8. Normal hilar opacities are predominantly caused by the pulmonary arteries and should be symmetric in size and density.
9. The aortic arch, or “knob,” is above the left hilum. (Watch out for the right aortic arch variant!)
10. The trachea is midline but may be deviated to the right or forward from a tortuous aorta.
11. The costophrenic angles should be sharp on both views (sharp enough to pick your teeth with), except in patients with severe pulmonary emphysema, resulting in flattening of the hemidiaphragms.
12. With good inspiratory effort, the size of the heart on the PA radiograph is normally ≤50% of the widest diameter of the thoracic cage.
13. Right middle lobe and lingular processes are projected over the heart on the lateral view.
14. A young healthy person can take a breath deep enough to inflate the lungs to the level of the 10th rib posteriorly (or the 6th rib anteriorly).
15. Opacity of the lungs should be symmetric unless the patient is rotated.
16. The stomach bubble is under the left hemidiaphragm. (Watch out for situs inversus.)
17. Don’t forget to look at the bones and soft tissues.
Size
Cardiothoracic The heart diameter should be half or less than half of the chest diameter. An easy way to eyeball this—assuming the spine is straight and in the middle of the chest—is to see if the heart to the right of the midline fits between the left heart border and the left ribs.
Aortopulmonary The left pulmonary artery, as it passes over the left main bronchus, should be less than the width of the aortic knob. The aortic arch is approximately 3 cm above the carina in adults until the aorta begins to get tortuous.
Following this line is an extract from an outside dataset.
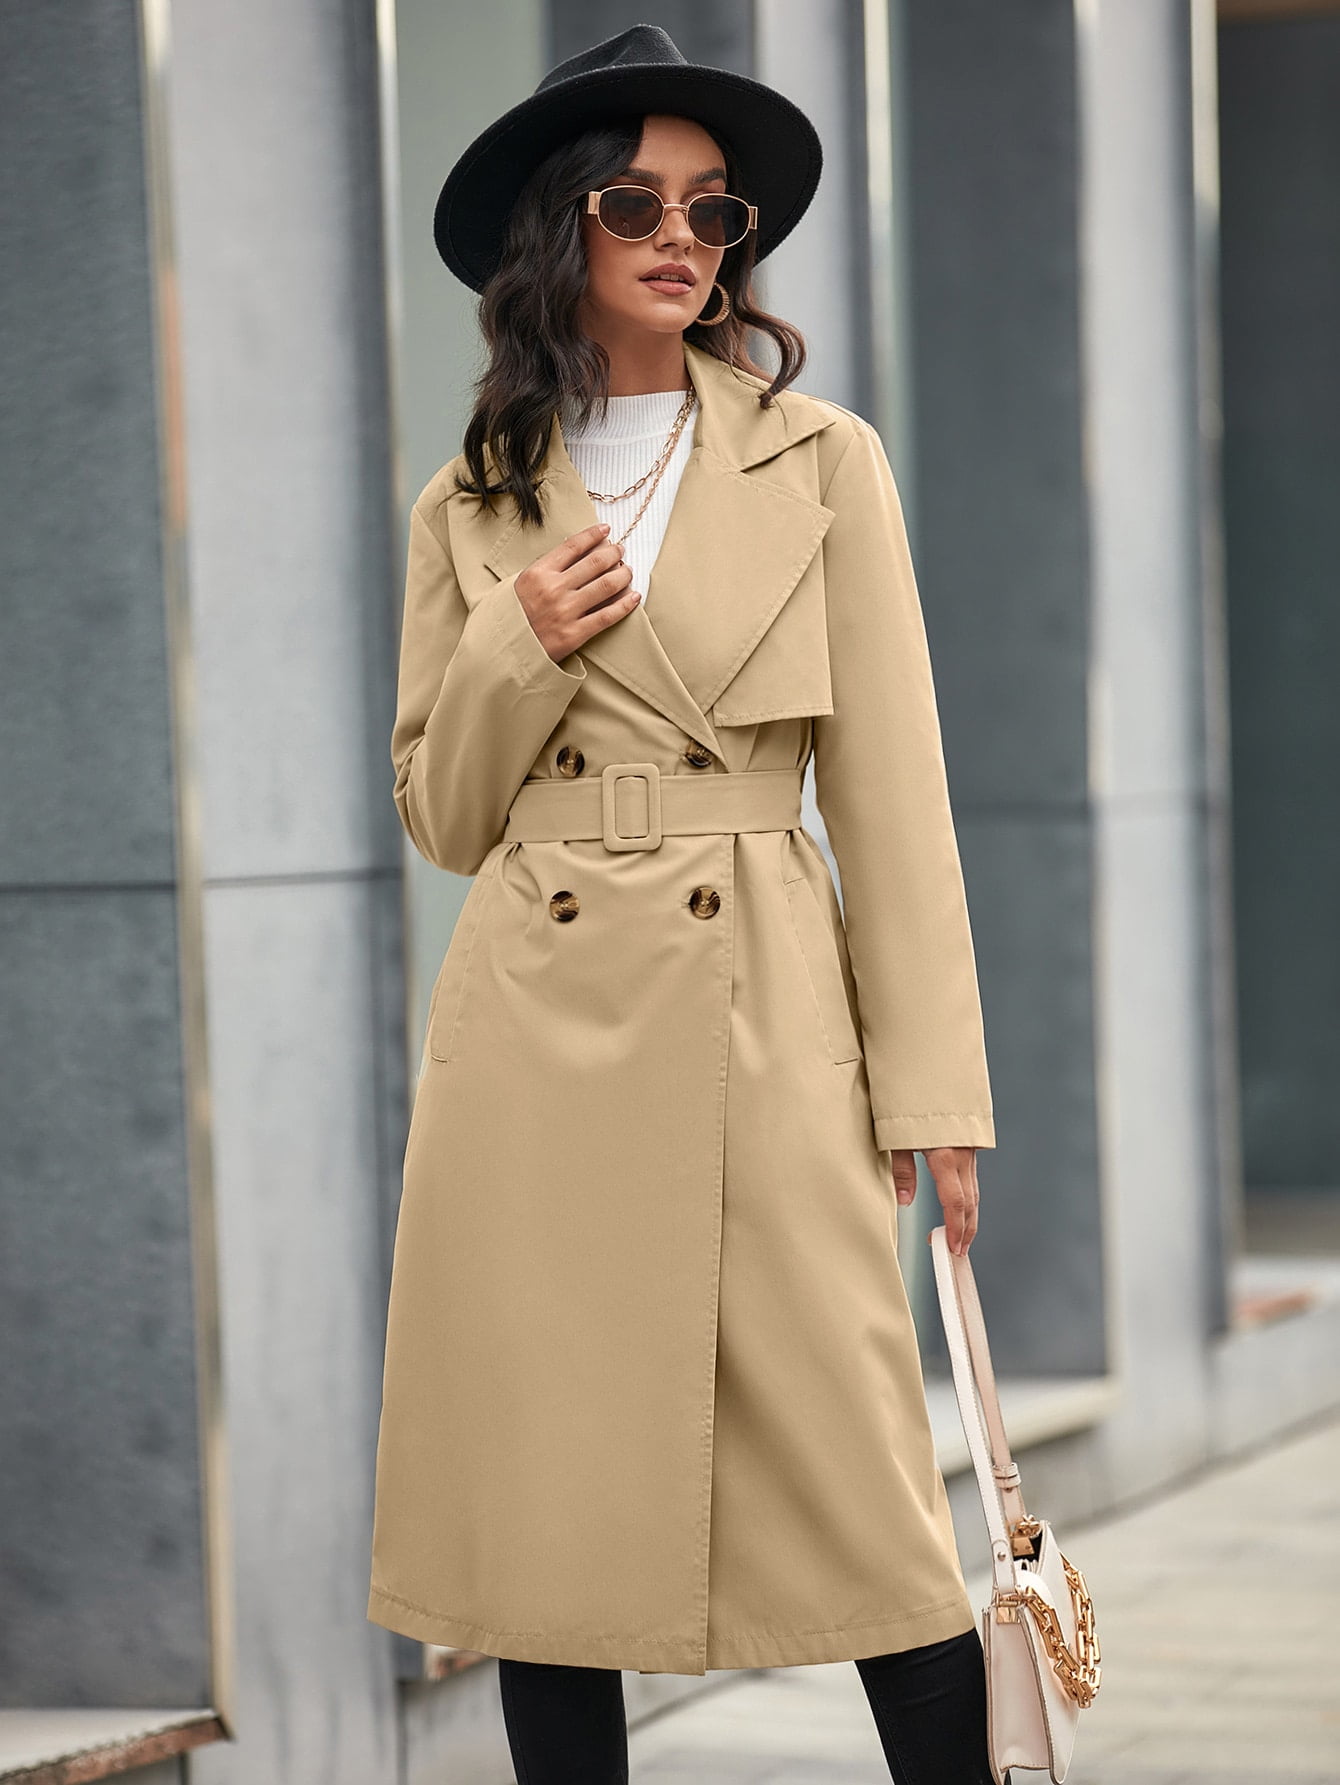 Women Slim Fall Double Breasted Lapel Belted Trench Coat Jacket

The left pulmonary artery is approximately 3 cm down the left main bronchus and then ascends up and out at approximately
45 degrees.
Azygotracheal The azygos vein, if visualized (at the right tracheobronchial angle), should be no wider than approximately one-half the width of the trachea, and its height should be no greater than the width of the trachea.
Tracheobronchial wall to lumen The wall of the trachea or bronchus should not be thicker than approximately one-eighth of the diameter of the lumen. The tracheal diameter should be equal on the PA and lateral views and should be less than the width of a vertebral body.
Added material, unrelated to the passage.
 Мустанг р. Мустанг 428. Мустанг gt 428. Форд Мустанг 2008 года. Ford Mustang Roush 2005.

Right lower lobe artery to trachea The right lower lobe pulmonary artery should not be wider than the width of the tracheal lumen.
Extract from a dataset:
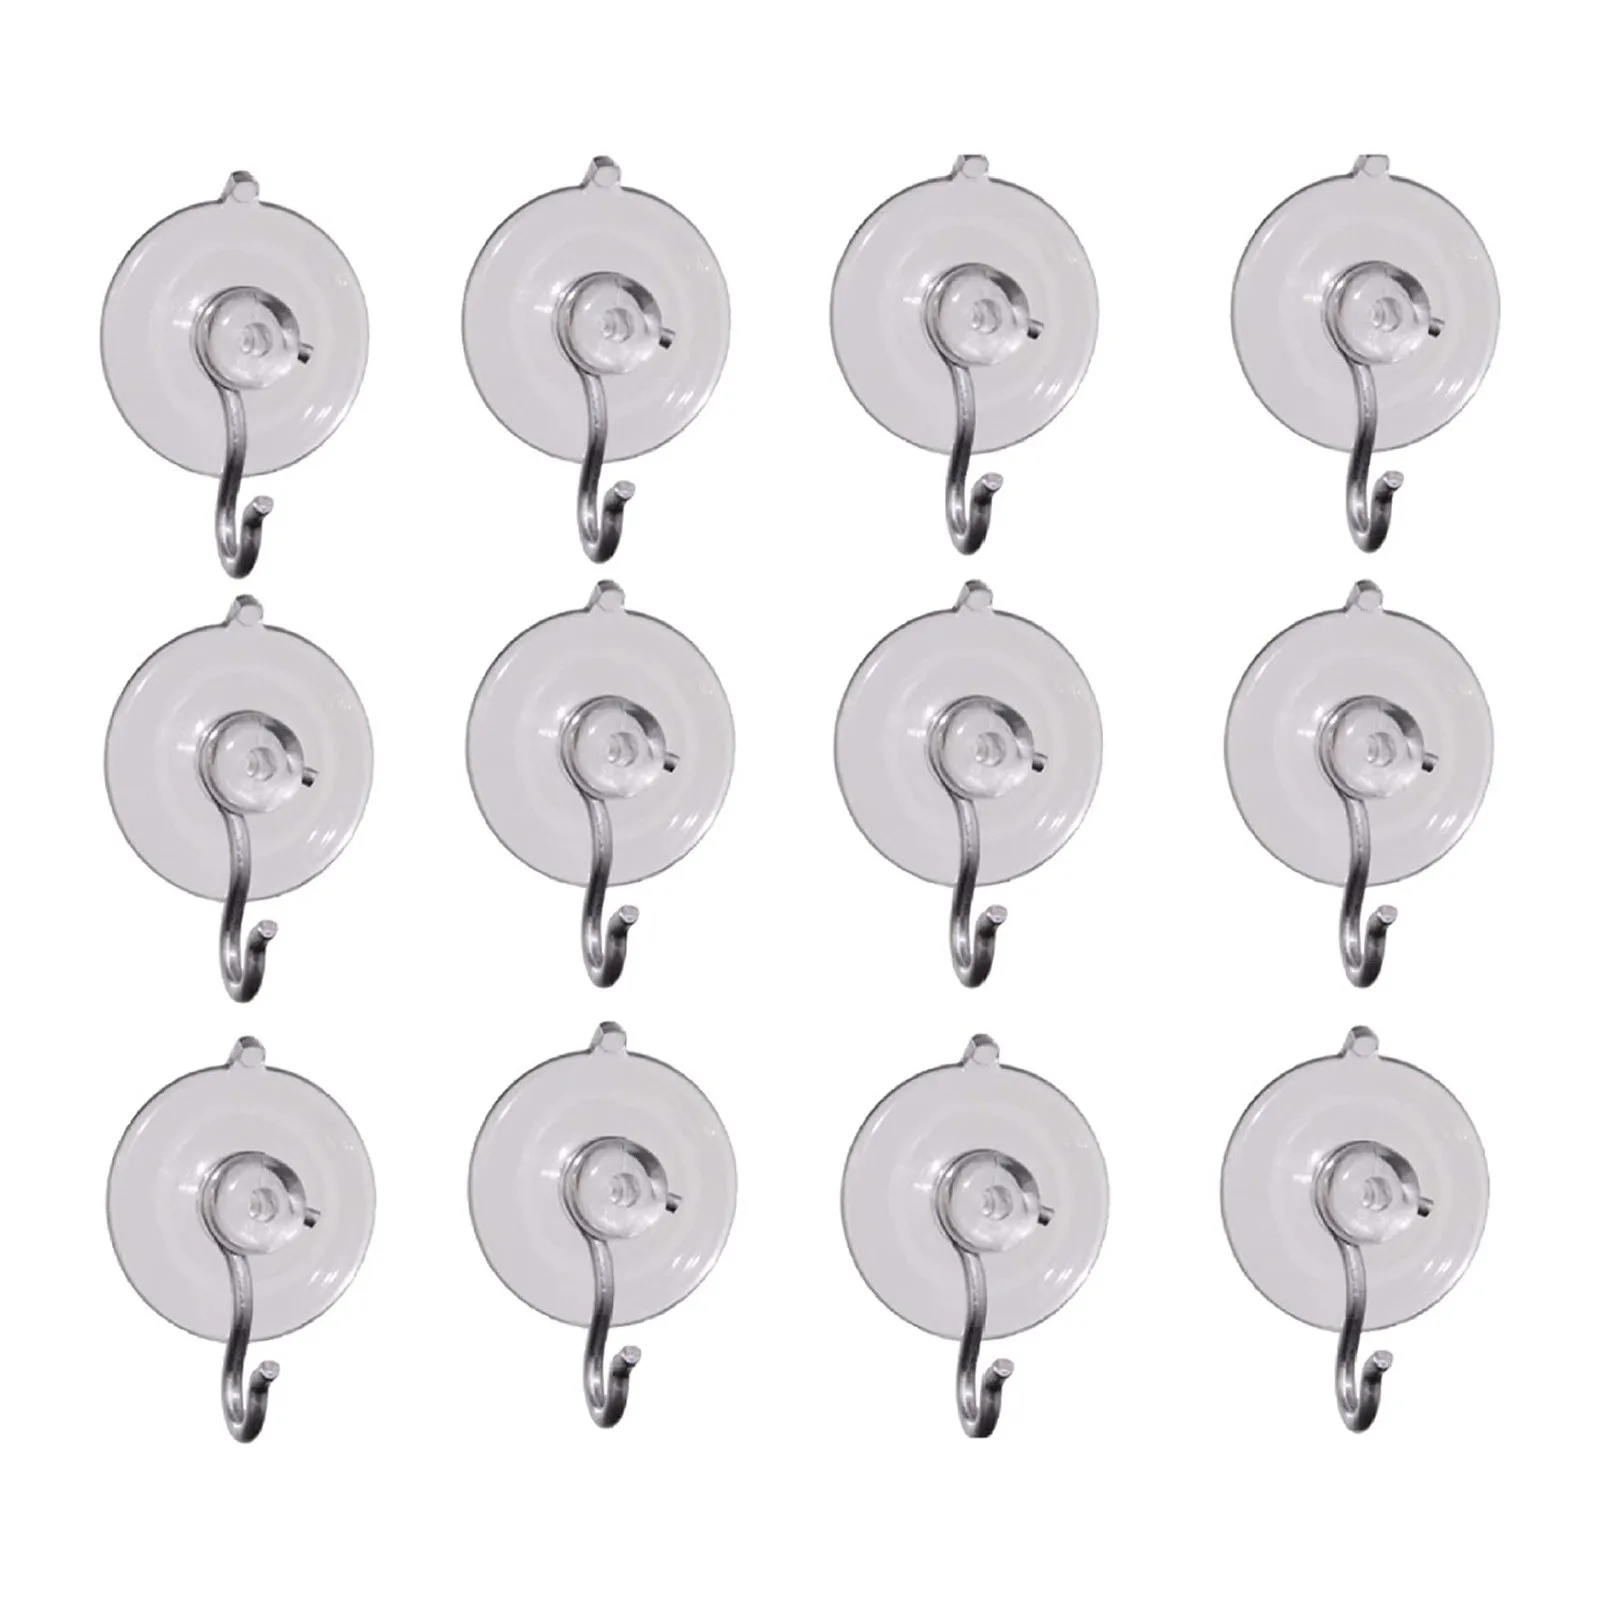 

12pcs Wall Hooks Waterproof Oilproof Self Adhesive Transparent Reusable Seamless Hanging Hook For Kitchen Bathroom Office #M0

Hilar height The left hilus should be approximately 2 cm higher than the right, because the left pulmonary artery has to go over the left main bronchus.
Arteriobronchial An artery and its accompanying bronchus should be the same size (seen best “end-on”).
Density
Cardiohepatic The heart should be about half as dense as the middle of the liver (it’s about half as thick). This reference requires good exposure. Beware the “ivory heart” of left lower lobe collapse.
Intracardiac The heart should be the same density on each side of the spine.
Intrahepatic The top of the liver should be about half as dense as the middle, because it’s about half as thick, provided the diaphragm domes normally.
Right paratracheal–aortic The density to the right of the trachea at the level of the aortic arch should never be as great or greater than the density of the aortic knob.
Hilar The hila should be the same density (they are composed of the same vascularity).